- Location in Macon County
- Macon County's location in Illinois
- Country: United States
- State: Illinois
- County: Macon
- Settlement: November 8, 1859

Area
- • Total: 32.62 sq mi (84.5 km^{2})
- • Land: 32.57 sq mi (84.4 km^{2})
- • Water: 0.04 sq mi (0.10 km^{2}) 0.13%

Population (2020)
- • Total: 822
- • Density: 25.2/sq mi (9.74/km^{2})
- Time zone: UTC-6 (CST)
- • Summer (DST): UTC-5 (CDT)
- FIPS code: 17-115-06769

= Blue Mound Township, Macon County, Illinois =

Blue Mound Township is located in Macon County, Illinois. As of the 2020 census, the population was 822 at it contained 382 housing units.

== Cities and towns ==
- Blackland
- Boody

== Adjacent townships ==
- Harristown Township (north)
- Decatur Township (northeast)
- South Wheatland Township (east)
- South Macon Township (southeast)
- Pleasant View Township (south)
- Mosquito Township, Christian County (southwest and west)
- Niantic Township (northwest)

==Geography==
According to the 2021 census gazetteer files, Blue Mound Township has a total area of 32.62 sqmi, of which 32.57 sqmi (or 99.87%) is land and 0.04 sqmi (or 0.13%) is water.

==Demographics==
As of the 2020 census there were 822 people, 393 households, and 313 families residing in the township. The population density was 25.20 PD/sqmi. There were 368 housing units at an average density of 11.28 /sqmi. The racial makeup of the township was 96.84% White, 0.12% African American, 0.24% Native American, 0.00% Asian, 0.00% Pacific Islander, 0.49% from other races, and 2.31% from two or more races. Hispanic or Latino of any race were 1.46% of the population.
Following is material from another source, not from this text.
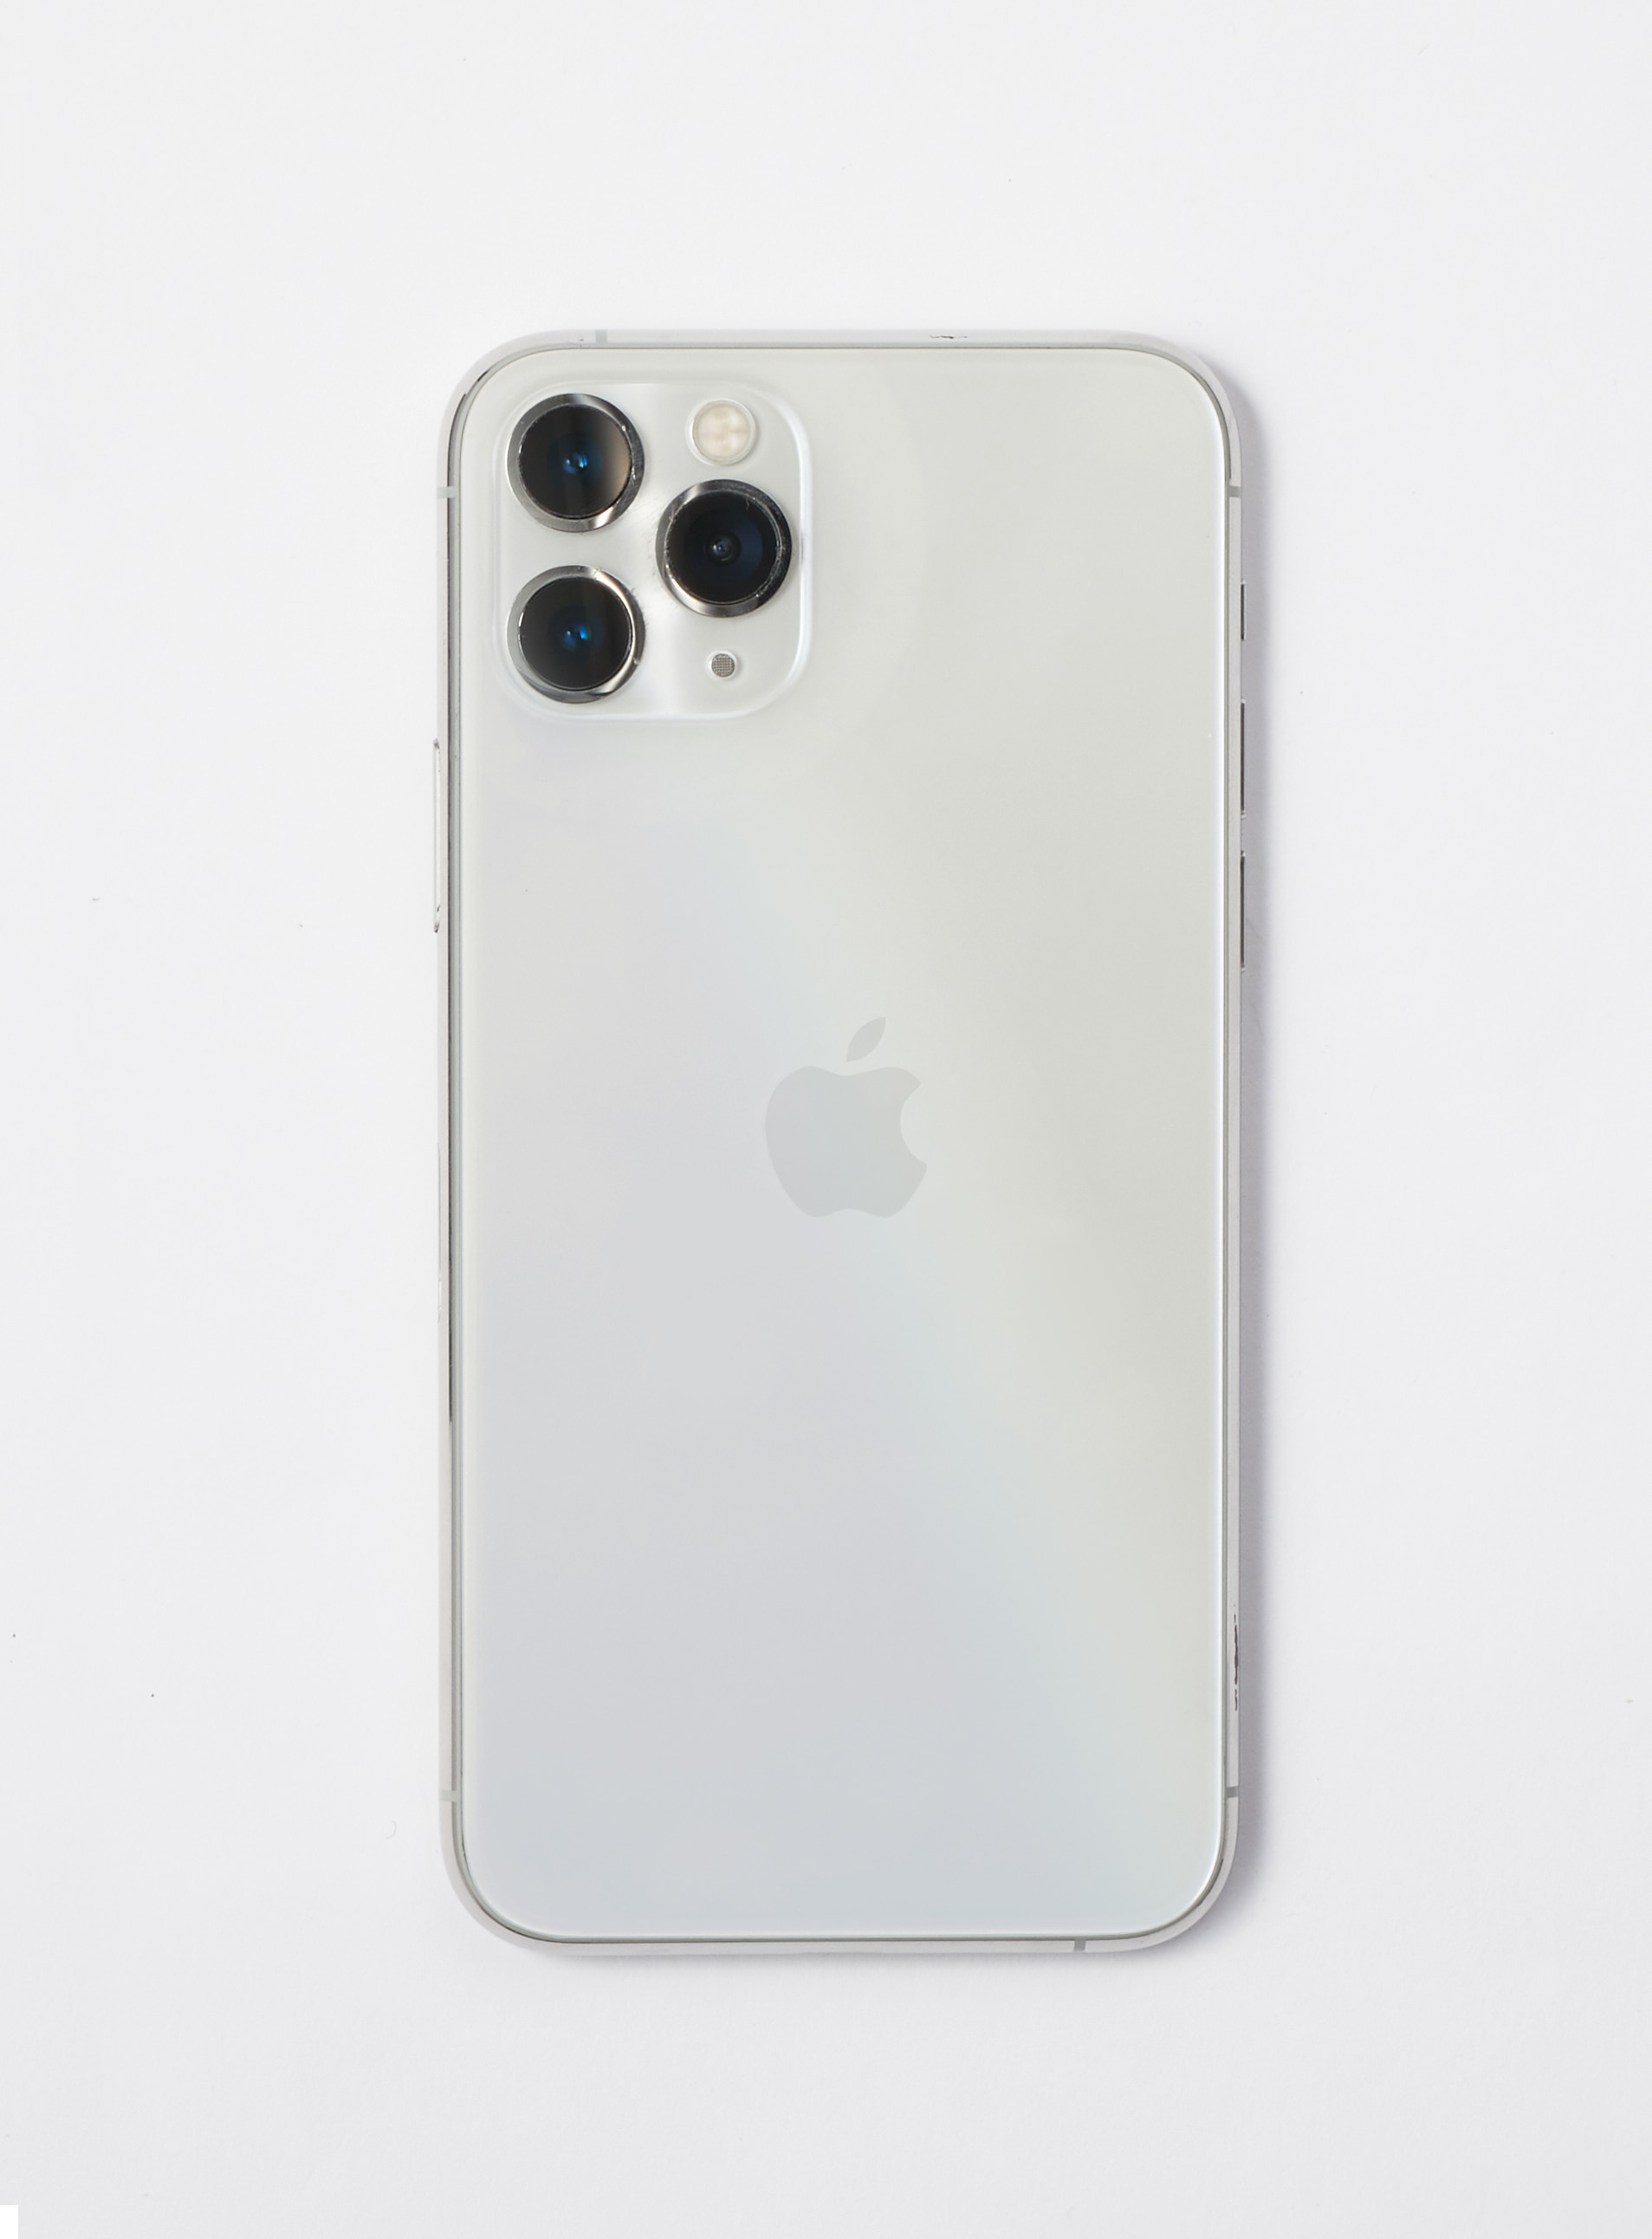 Apple iPhone 11 Pro Max 256GB Smartphone (silver, unlocked, certified  refurbished)

There were 393 households, out of which 37.20% had children under the age of 18 living with them, 58.52% were married couples living together, 15.78% had a female householder with no spouse present, and 20.36% were non-families. 17.80% of all households were made up of individuals, and 4.10% had someone living alone who was 65 years of age or older. The average household size was 2.47 and the average family size was 2.71.

According to the 2020 American Community Survey, township's age distribution consisted of 25.2% under the age of 18, 2.5% from 18 to 24, 20% from 25 to 44, 38.1% from 45 to 64, and 14.2% who were 65 years of age or older. The median age was 45.6 years. For every 100 females, there were 99 males. For every 100 females age 18 and over, there were 103.4 males.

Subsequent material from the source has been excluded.